Cheers and clear skies,

Alex

[yporti]

On 01/08/2020 at 13:42, alex_stars said:

Hi, how did you estimate the effective aperture your SkyMax is operating on?

BTW, I agree with you, it is certainly the meniscus lens that brings the effective aperture down to about 170mm.

I did the test using a flashlight in the eyepiece (focused on infinity) e measuring the iluminated circle in front of scope.

[Captain Scarlet]

If you remove and examine the secondary baffle, you will understand why the meniscus might be responsible. The baffle is certainly not a thin-walled cone. At the point where it's glued to the meniscus it is a rather thick-walled tube, 2mm thick in fact, and the silvering itself shows outside the baffle. If the full diameter of the unobscured meniscus is, say, 40mm, at least 1mm is OUTSIDE the bottom of the baffle, losing 2mm diameter, and the baffle itself consumes a further 4mm, leaving only 34mm doing any work. Add to that, that the baffle itself is likely not centered (look at my photos, mine was MILES off) and it'll be worse.
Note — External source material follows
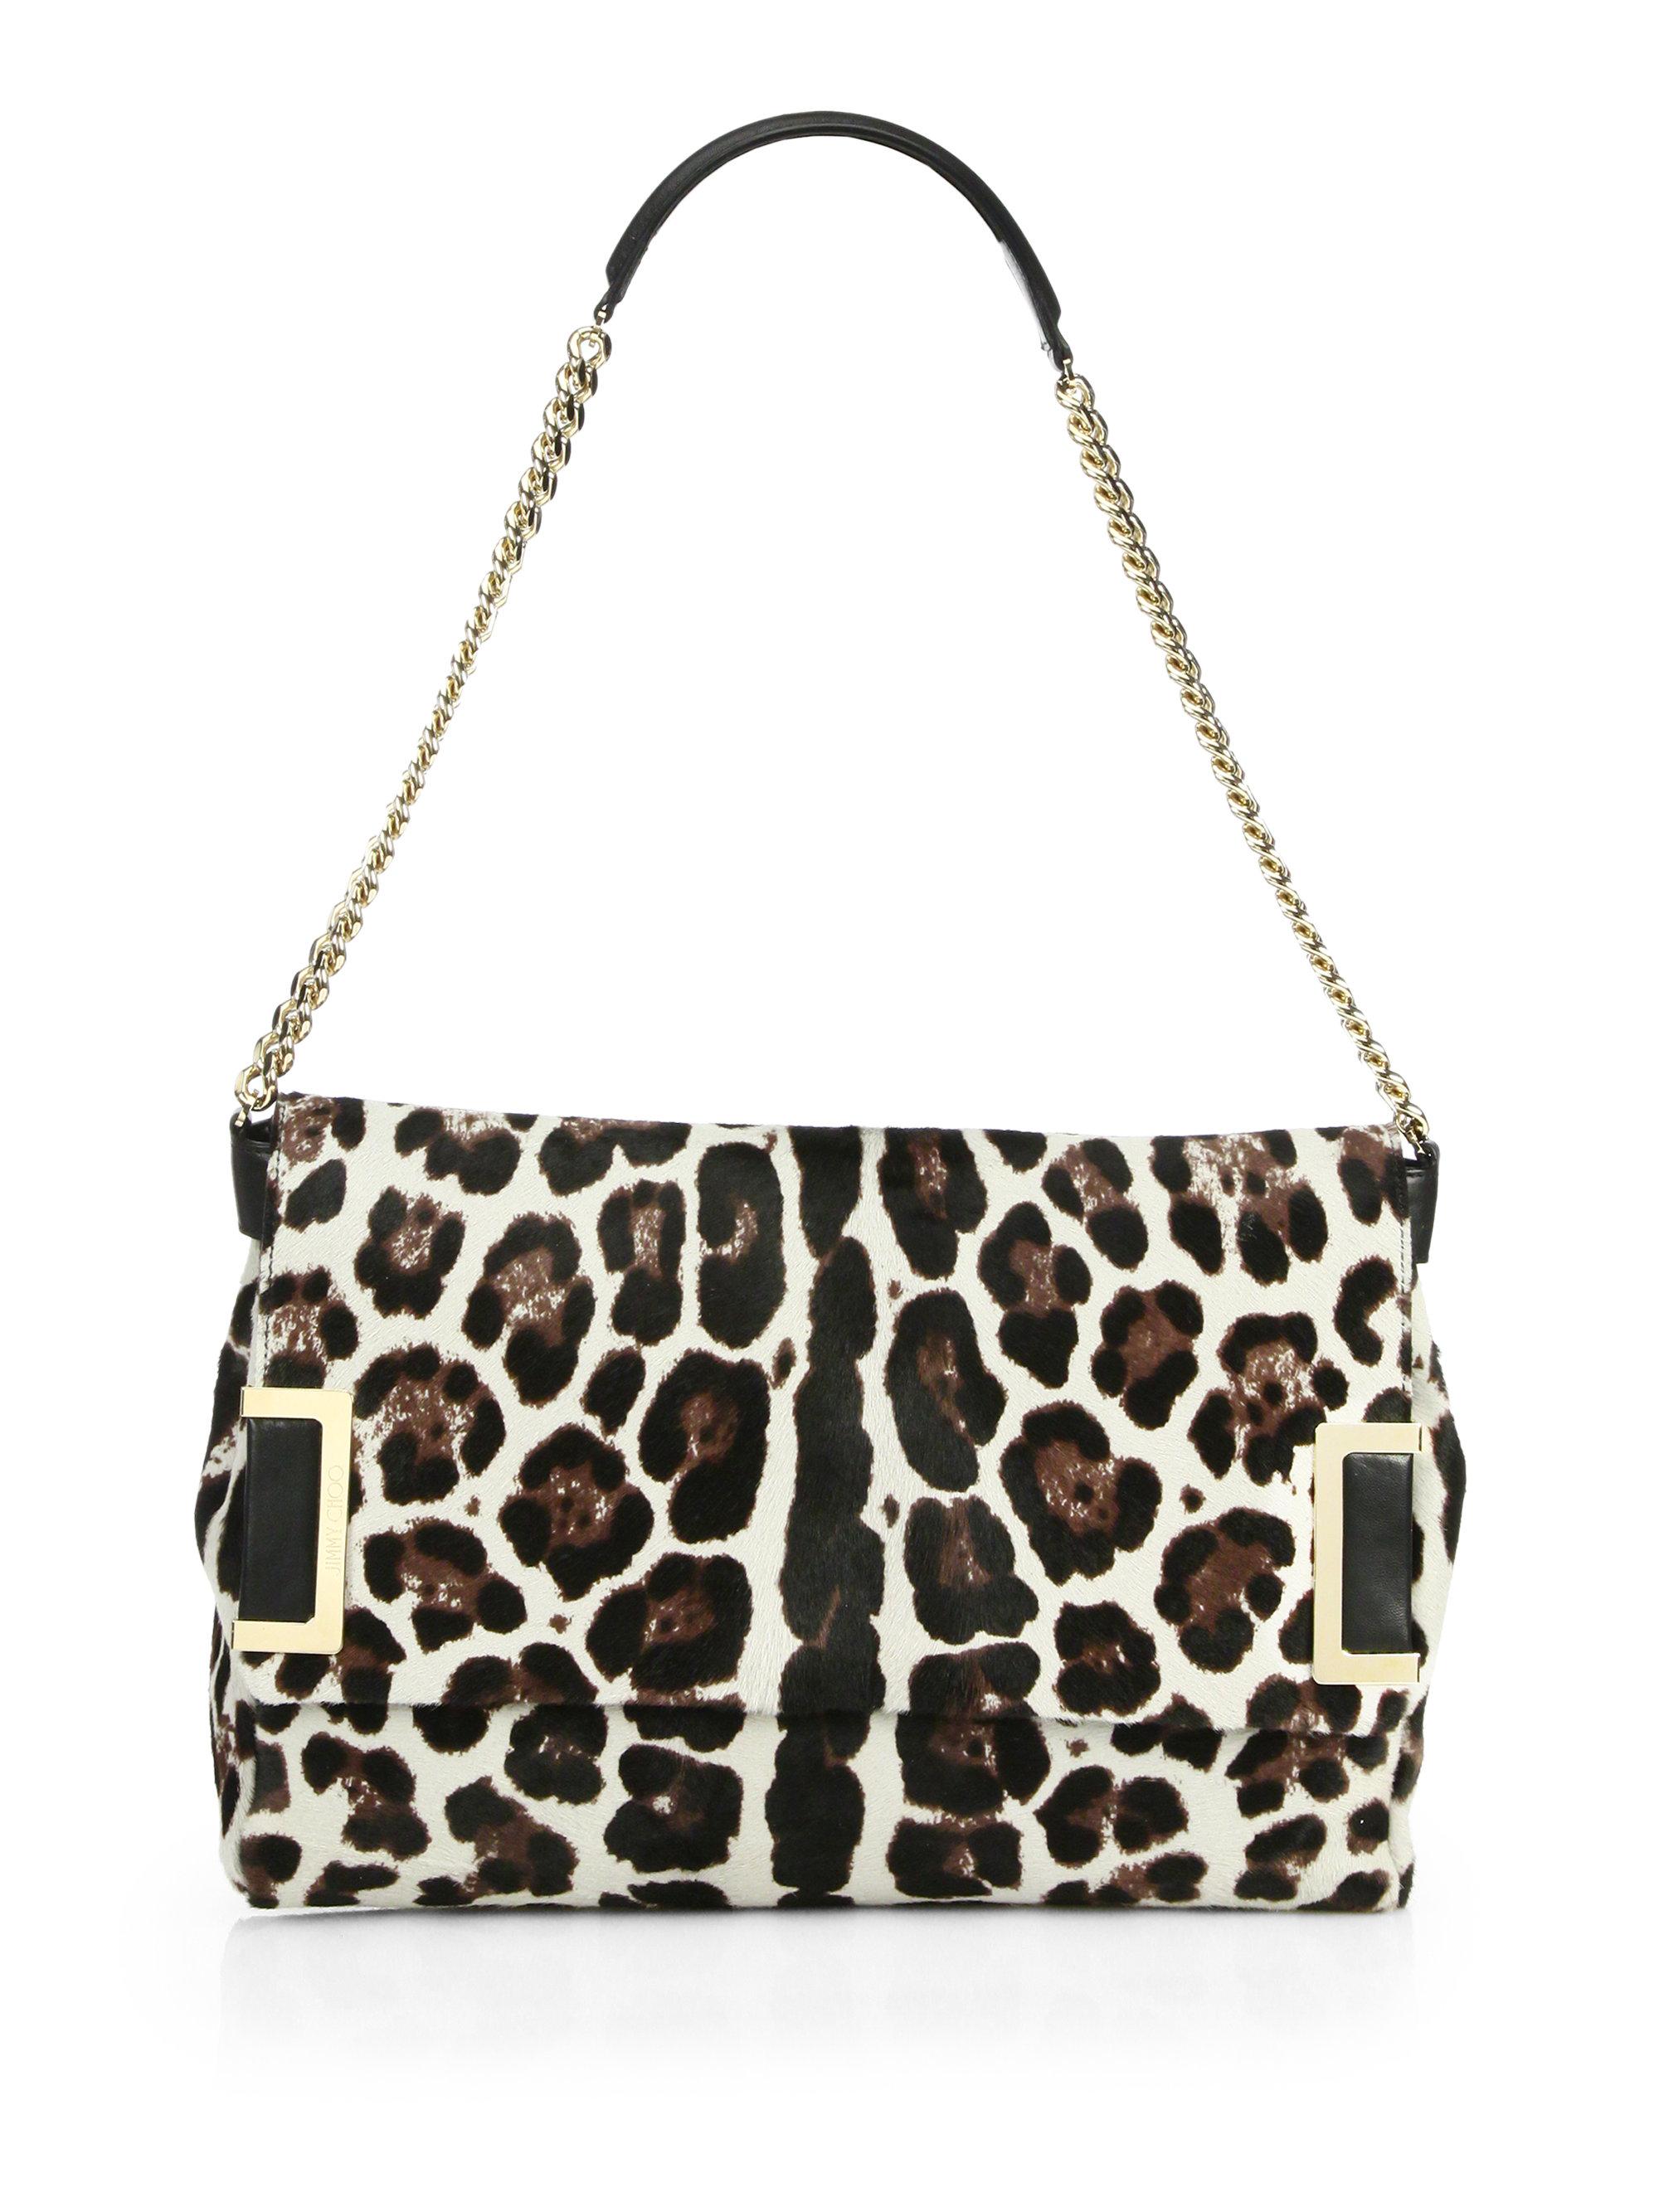 13bfe4ff7755 Jimmy Choo Ally Leopardprint Calf Hair Shoulder Bag - Lyst
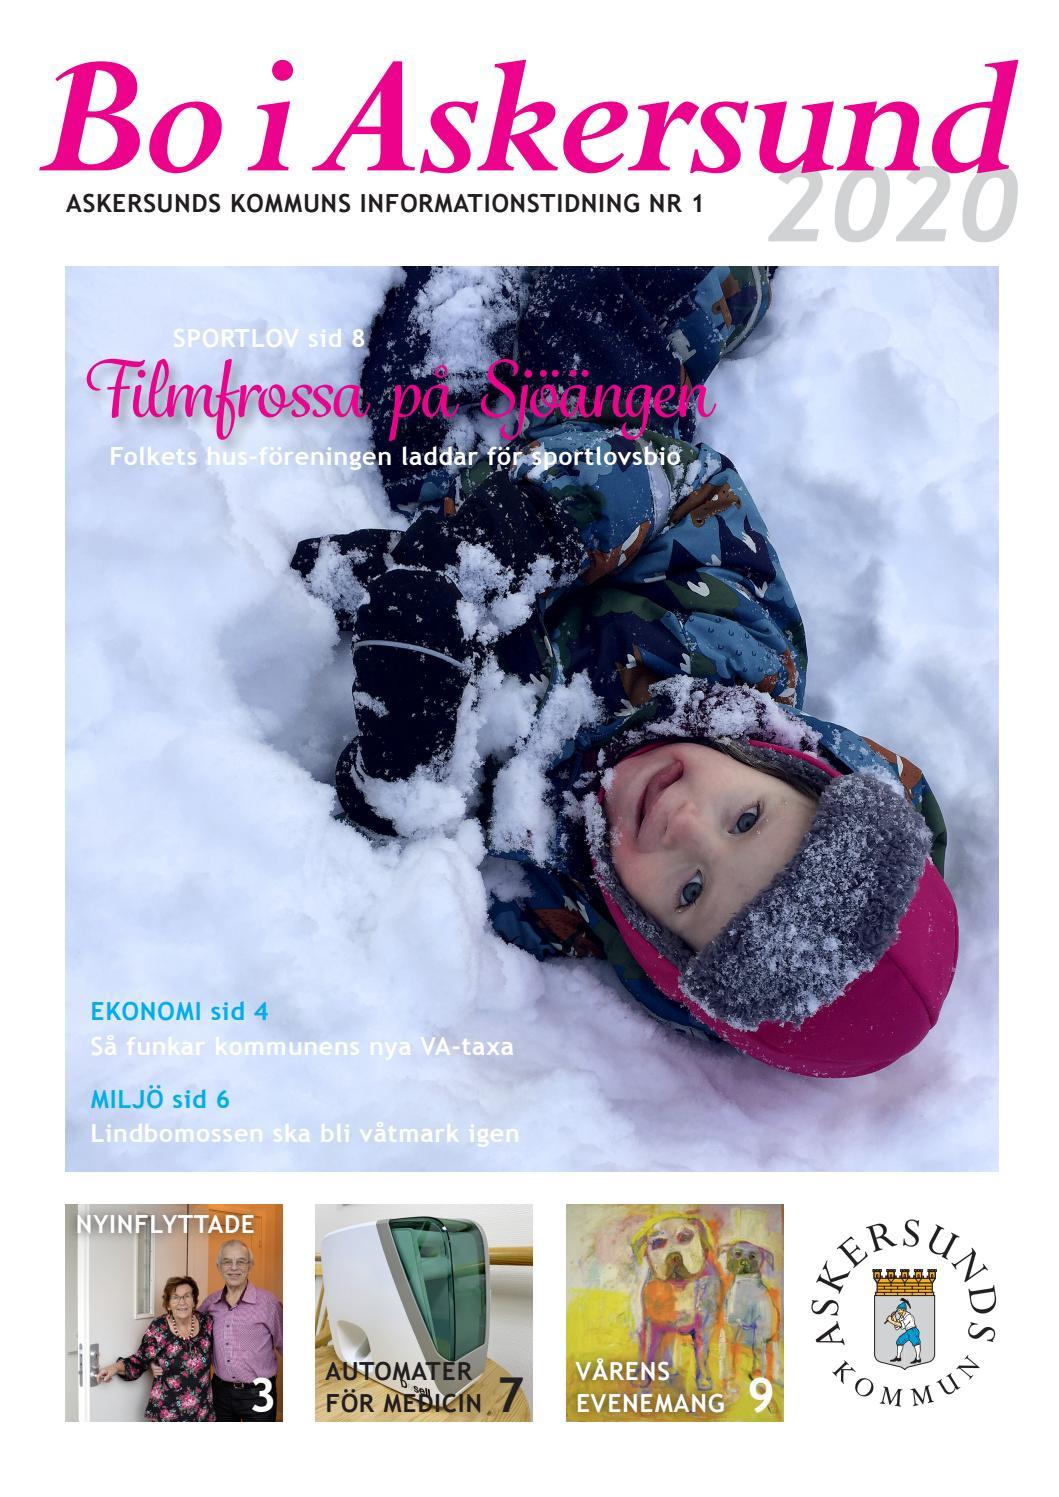 Nyinflyttade p Tycke, Askersund | satisfaction-survey.net

A good upgrade would be to replace the stock baffle with a thin-walled one, properly centered.

[Highburymark]

Fascinating and beautifully written report Magnus. Pleasure to read.

[alex_stars]

On 05/08/2020 at 06:18, yporti said:

I did the test using a flashlight in the eyepiece (focused on infinity) e measuring the iluminated circle in front of scope.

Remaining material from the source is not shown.